Joyce Ramos - Nós temos quase dois anos pela frente ainda. Nesses dois anos quero muito fazer com que nós consigamos avançar na interiorização do Estado. Essa é uma das minhas principais metas, de garantir que a Defensoria Pública chegue aos mais diversos, mais longínquos territórios, sobretudo as comunidades quilombolas. Que é da onde eu vim e são comunidades historicamente muito mais vulnerabilizadas. A periferia é também um lugar muito de pouco acesso a direitos, mas quando se trata de comunidades quilombolas, comunidades tradicionais, o direito demora ainda mais a chegar lá.

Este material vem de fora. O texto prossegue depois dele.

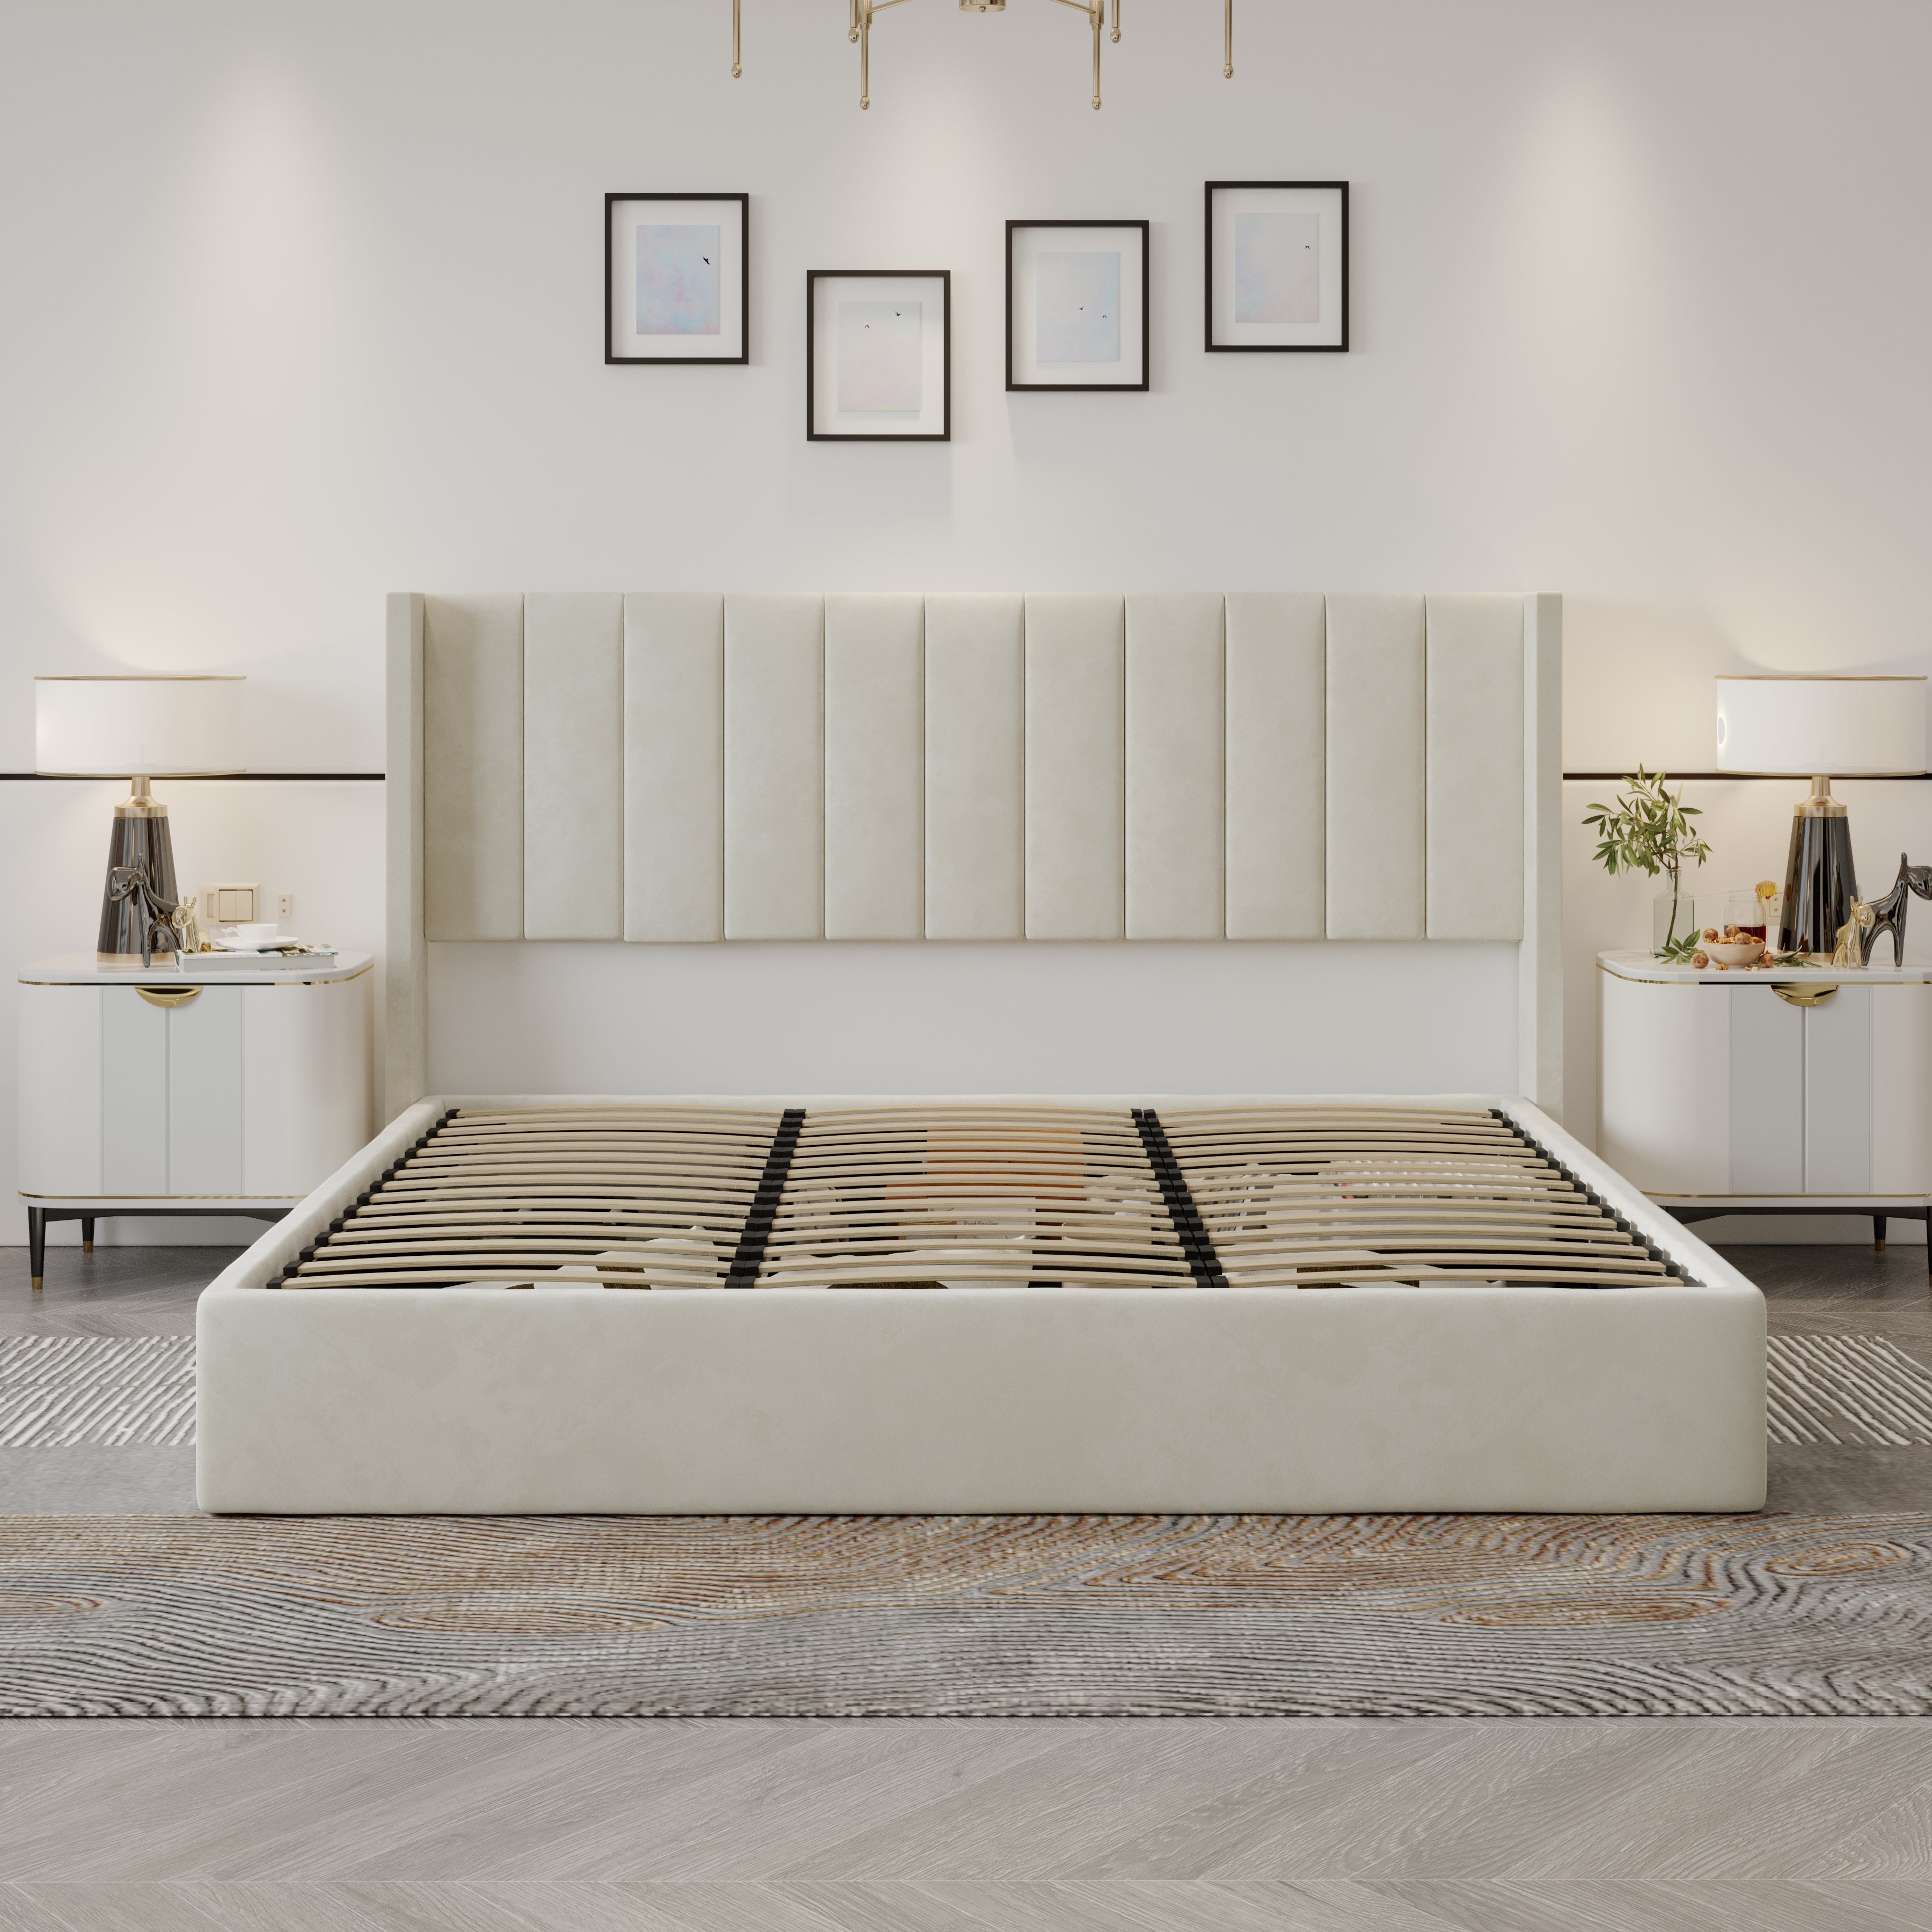 Velets Oliver Contemporary Mid-Century Soft Padded Upholstered Platform Storage Bed with Hydraulic Gas Lift Storage - Solid Wood Frame, Wood Slat System & Smart Hydraulic Under-Bed Storage -  Ivory

A gente teve uma conquista agora que foi a posse dos novos 26 defensores e defensoras que foram justamente para o interior do Estado, mas é necessário ampliar mais ainda. Além disso, é garantir com que a gente tenha trabalhos ainda mais consolidados, nessa perspectiva de que ao invés da gente ter só uma carreta, que a gente tenha duas. Que o Defensoria em Movimento se amplie. E sobretudo que a gente consiga dar respostas a grandes problemas que nos chegam aqui, como essa questão do feminicídio no Ceará. Nós somos o estado que mais assassina mulheres. É uma realidade que a Defensoria não pode fechar os olhos. A gente precisa pensar como é que a gente evita o crescimento desse número.

A gente teve acompanhando mulheres trans e travestis em situação de cárcere. Como é que a gente pensa em dar soluções para aquela situação daquelas mulheres? Que antes do sistema prisional, muitas delas já não tinham direito nem mesmo à família? Não tinham direito ao nome? Então é desafio atrás de desafio. E a Defensoria Pública precisa enxergar esses problemas com um olhar mais profundo e, através do seu poder de articulação, possa trazer soluções. E a ouvidoria vai estar ali coladinha.